I had never heard it quite that way before. It's almost as if even Jesus couldn't contain the presence and power of God beyond his short stay on earth. The human incarnation of God via a first century Jewish man from Palestine, through his complete love of the Father and his devotion to the vision of something new, brought about a radical shift in how the world could relate to God. History would forever be changed. But, as always, God breaks through one container only to enter creation through a new paradigm and this keeps happening.

Even though Jesus was the closest thing to a flesh and blood image of God; and those who encountered him through following and loving him felt they had entered the holy of holies (read temple) when they simply hung out with him, Jesus knew deep down that there was yet another way into God's presence. It didn't end with him. In the spirit of obedience and love for God's plan, he chose to step aside for the chance of an even greater intimacy with God for all of creation. Once again, not striving to be the greatest or the final word on reality, but full of joy and gratitude that he could be part of something so wonderful.

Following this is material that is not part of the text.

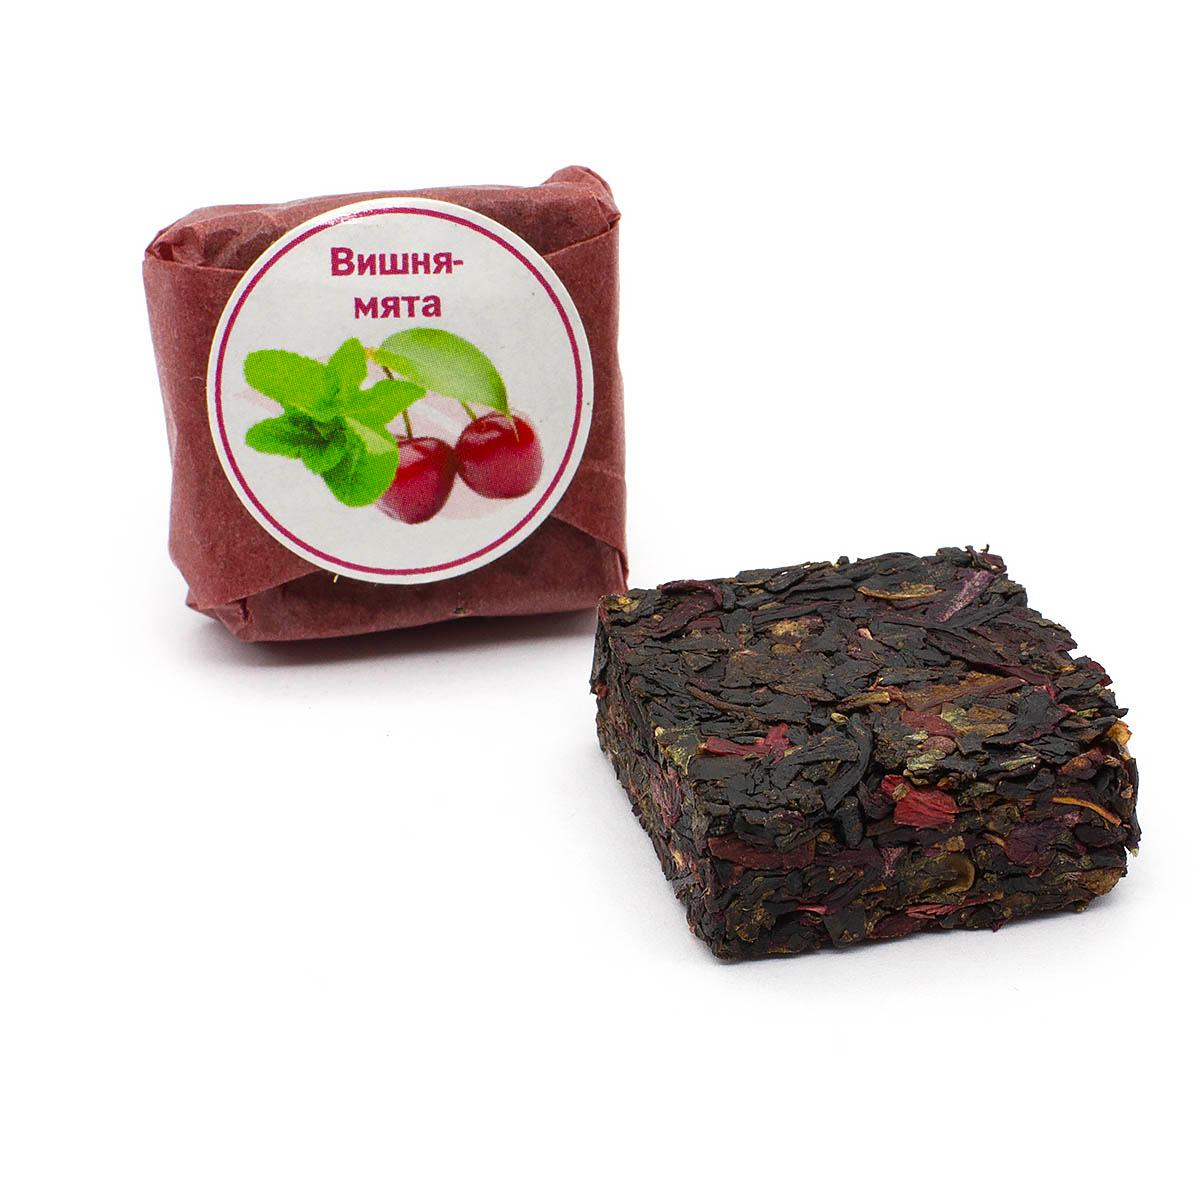 Чай фруктово-ягодный Вишня-мята, кубик 5-7 г

This new thing is not to be found in a structure or an ancient tradition, not in habit or ritual or following a prescribed set of criteria, but God comes to us as wind, as breath, as a hovering closeness that passes over us and through us. One of the advent readings calls it "the Spirit that overshadows" us. Sounds ominous and I think the holiness of the Spirit is such that it is completely other but also lodged deep in the very fibre and marrow of our being.

I couldn't help but think of this past week as we experienced a breakthrough into deeper communion with each other. Most of us would say it was a mystery, hard to explain given we've all tried to tackle the issues and the hurts and the misunderstandings in our own way with a genuine desire to fix something we love.

Of course we'll bump into each other's hard edges and need to seek out forgiveness but I have no doubt the Spirit blew through our hearts that day and I will go as far as to say, the Spirit was in some very hard to explain way, sitting with us, real and tangible — more than a Christian idea/doctrine we throw around.

As I read page 205 this week I was quite struck by the fact that as much as the Spirit is not limited to any human form and structure, she is somehow part of our lives; much like a person with breath and thought and emotion. A trusted friend who is forever going between our heart and God's heart, taking our thoughts, concerns, disappointments and joys back to God. Working with our essential nature to want what God wants and on top of all that she is the glue that keeps communities together despite all the odds, breaking open our imaginations so we can allow God to be who he/she is.